Around 180 Ukrainian academics have been supported by the government-funded Researchers at Risk programme, which is run by Cara and the British Academy. Launched in 2022 following the Russian invasion of Ukraine, Researchers at Risk was backed with nearly £13 million in public money.

Last week, Julian Lewis, chair of the joint Intelligence and Security Committee, called on the government to extend the scheme and open it up to academics in other countries.

Wordsworth told Research Professional News that he fully endorsed the call from Lewis.

“A smaller, permanent, government-funded ‘background-level’ scheme that could be scaled up quickly in response to future crises around the world would be a valuable complement to Cara’s own work and would give the UK an important additional tool in responding quickly and effectively to such crises,” Wordsworth said.

He added that there are many countries “where academics face heightened risks from conflict or oppression, imprisonment and murder at the hands of despotic regimes and extremist groups who see free-thinking academics as a threat”.

Broader support

On top of the 180 government-funded fellowships for Ukrainians, Cara is funding 37 academics who have fled the conflict.

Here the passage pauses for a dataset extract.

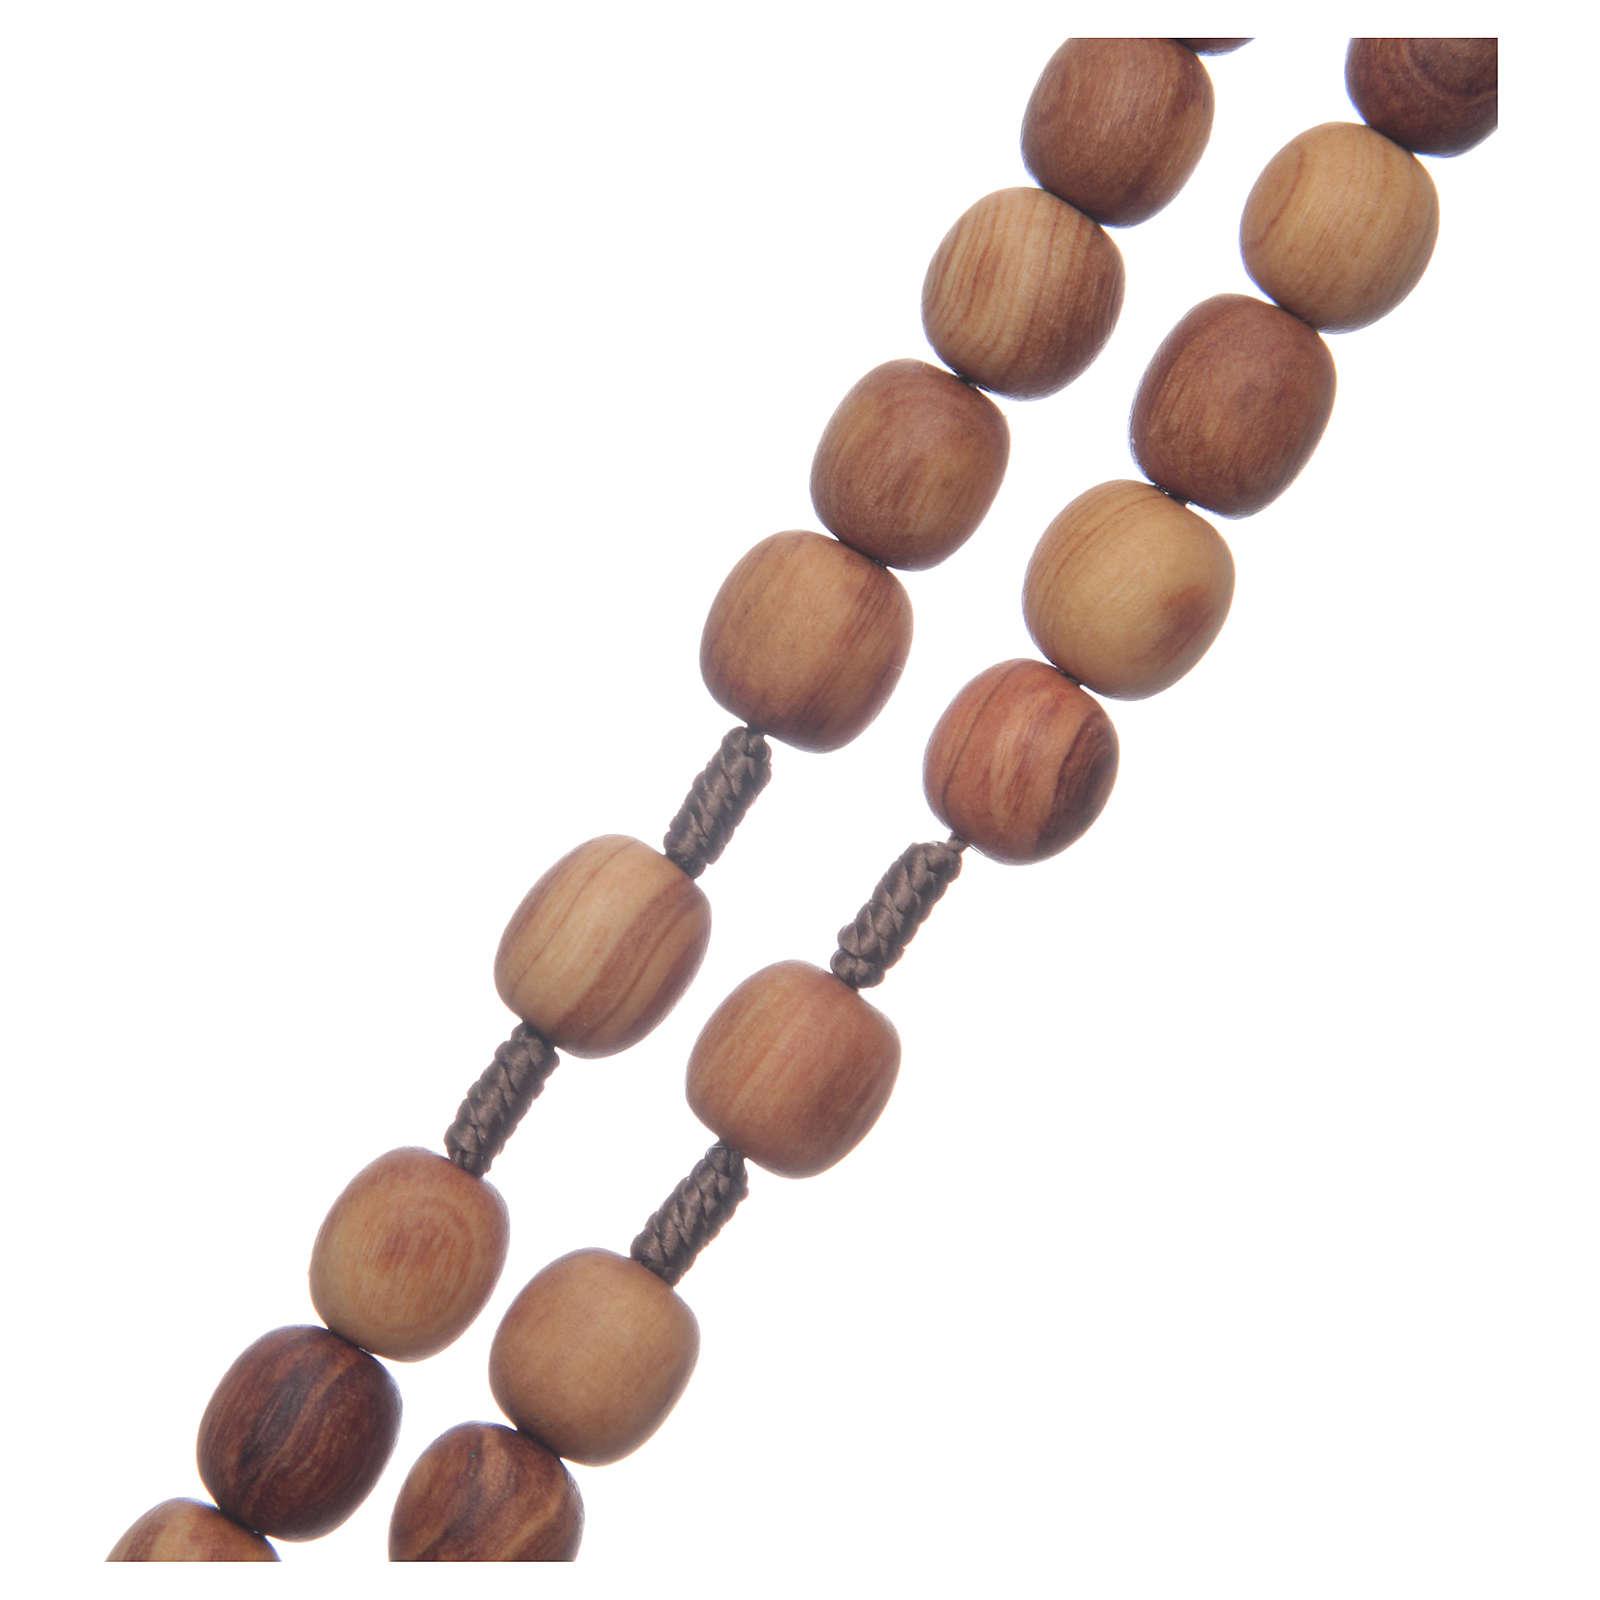 Rosario ulivo Medjugorje 10 mm corda crociera ulivo 4

The charity said that the vast majority are women, as male citizens between 18 and 60 are prohibited from leaving Ukraine.

Cara is also funding 10 Russian academics who have openly criticised the war and Vladimir Putin’s regime.

The charity’s fellowships provide support to researchers and their dependants, covering their salaries, research expenses and living costs.

Of the more than 40 Afghan academics Cara has brought to the UK, 12 are women. Women have been banned from attending universities in the country since December 2022.